3. В этих условиях поведение основной массы населения отвечает принципам и нормам, которую можно назвать «рациональность пассивной адаптации». «Рациональность», если следовать трактовке Вебера, означает внутренний порядок
Такое поведение неправильно называть оппортунизмом или конформизмом, поскольку подобного рода оценки социального поведения могут быть приложены лишь к социальным элитам – более высоким слоям и группам средней бюрократии, экспертного сообщества, предпринимательскому классу, то есть ко всем, у кого есть некоторые собственные ресурсы или основания для претензий на известную автономию. У большинства огосударствленного населения этих активов нет – ни сбережений, ни связей, ни бюрократических компетенций. «Обычные» люди живут в сегрегированном пространстве частных существований, не имея возможности изменить положение дел. Отдельность частной жизни компенсируется действием тотальных институтов – СМИ (в первую очередь государственной телевизионной пропагандой), полицией, армией и школой. К ним по охвату приближается и государственный контроль экономики, воссоздающей общее поле принудительных соподчинений и согласований. «Рациональными» в этом плане становятся действия индивидов, учитывающих в своем поведении нормы и предписания государственно требуемого самоограничения (путем прямой артикуляции таких требований или негласным, неформальным образом) и принуждением к выражению лояльности и преданности. Другими словами, рациональным, «правильным», с точки зрения относительного благополучия частного существования, в данной ситуации оказывается поведение применительно к так или иначе понимаемым интересам власти, администрации, обладателям ресурсов принуждения (воспринимаемым как безальтернативные условия собственного поведения). Если все мысли направлены на выживание, то следствием такой организации жизни (особенно если она сознается как тотальная, всеобщая) и социального порядка становится установка на простое воспроизводство, а в общесоциальном плане – отсутствие импульсов развития, стагнация. Со стороны властей это дополняется очередным позывом «любыми средствами добиться решающего прорыва» (в высоких технологиях, повышении производительности труда и т. п.), «догнать и перегнать». Но мобилизационным такое общество уже не назовешь, как нельзя назвать этот социальный порядок «идеократией» (в чем ранее виделся доминантный признак тоталитаризма).

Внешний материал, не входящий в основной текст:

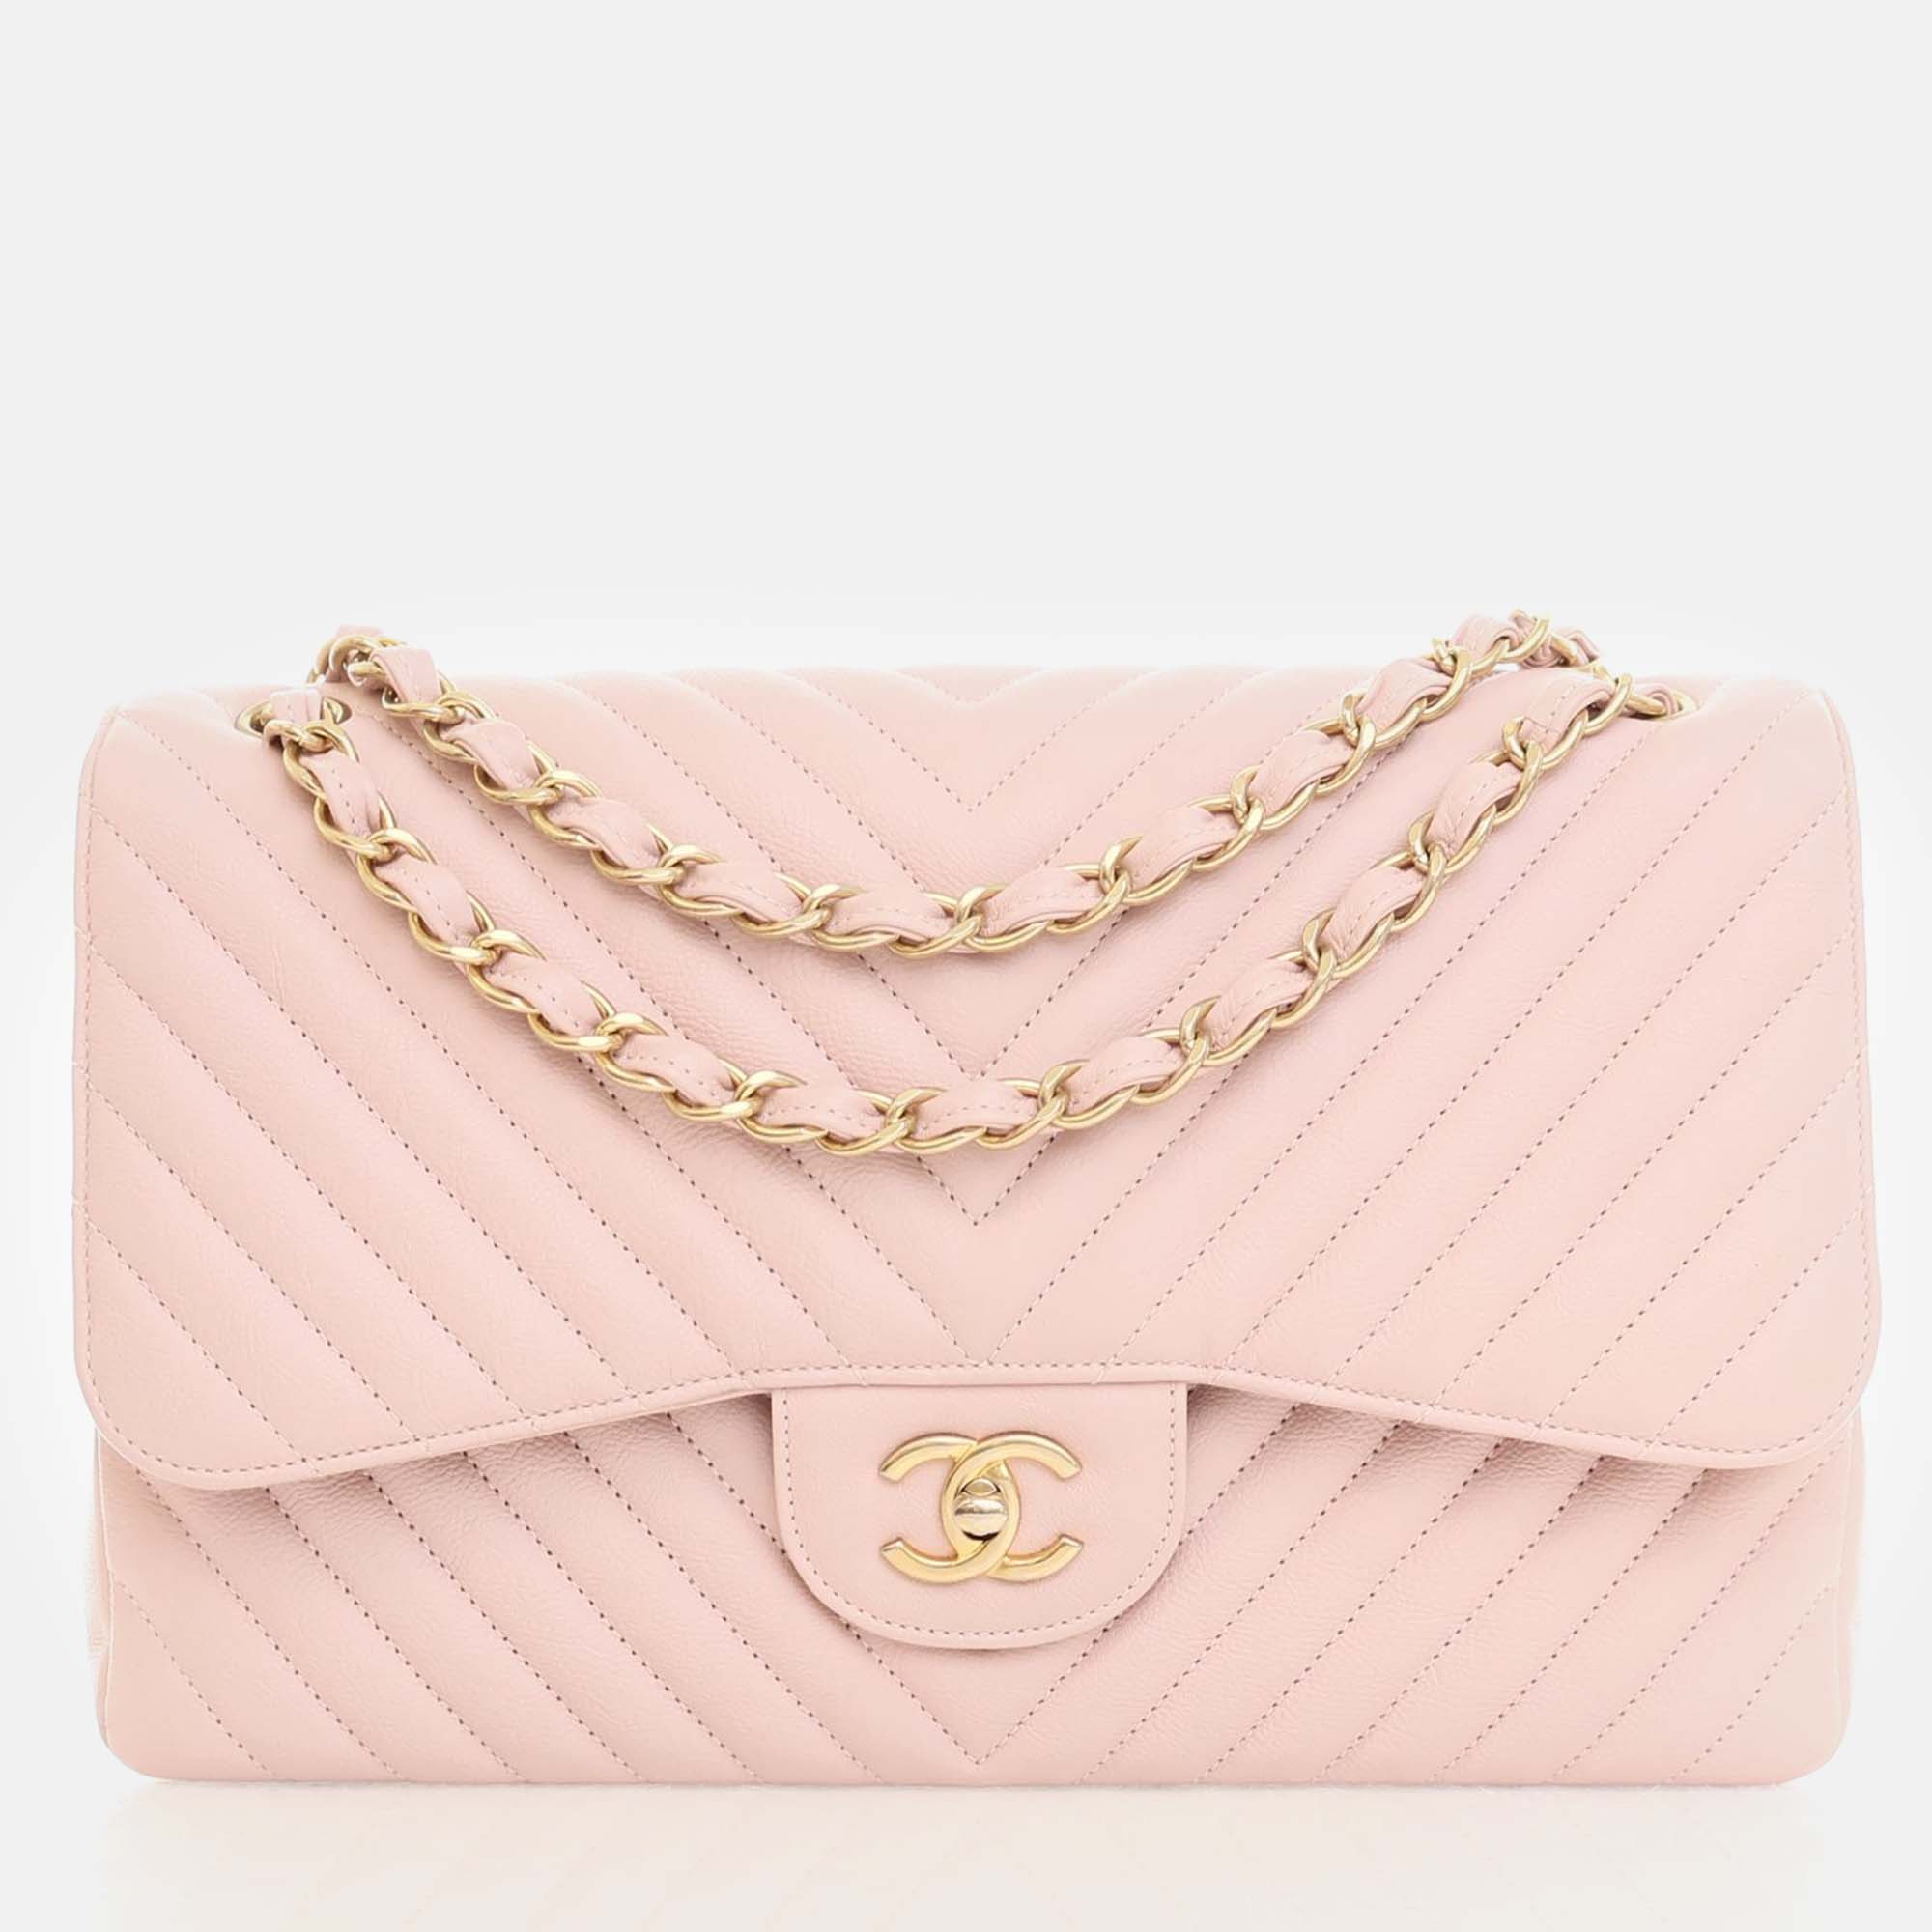 Chanel pink leather chevron medium classic double flap shoulder bags

4. Уровень насилия и репрессий при этом может быть сравнительно невысоким. Здесь надо учитывать новые технологические возможности пропаганды и информирования населения о наказаниях для «экстремистов» и тех, кто «подрывает основы конституционного строя», с одной стороны, а с другой – характер социализации многих поколений советских людей, знающих правила игры и границы допустимого разномыслия. Этим современная ситуация отличается от времени установления тоталитарной системы, когда масштабный террор, среди прочего, должен был кардинально изменить цивилизационные нормы и представления о человеческом достоинстве, о том, чего не может быть и что можно ждать и требовать. Сегодня никому не надо объяснять, что «может быть всякое», и это как бы иррациональное положение лучше, чем какие-либо иные юридические или практические разъяснения, выражает опыт жизни при тоталитарных режимах. Это не страх, это то, что может быть сопоставлено с нормами «приличия» в других обществах, психологического комфорта, признания «нормальности» со стороны других.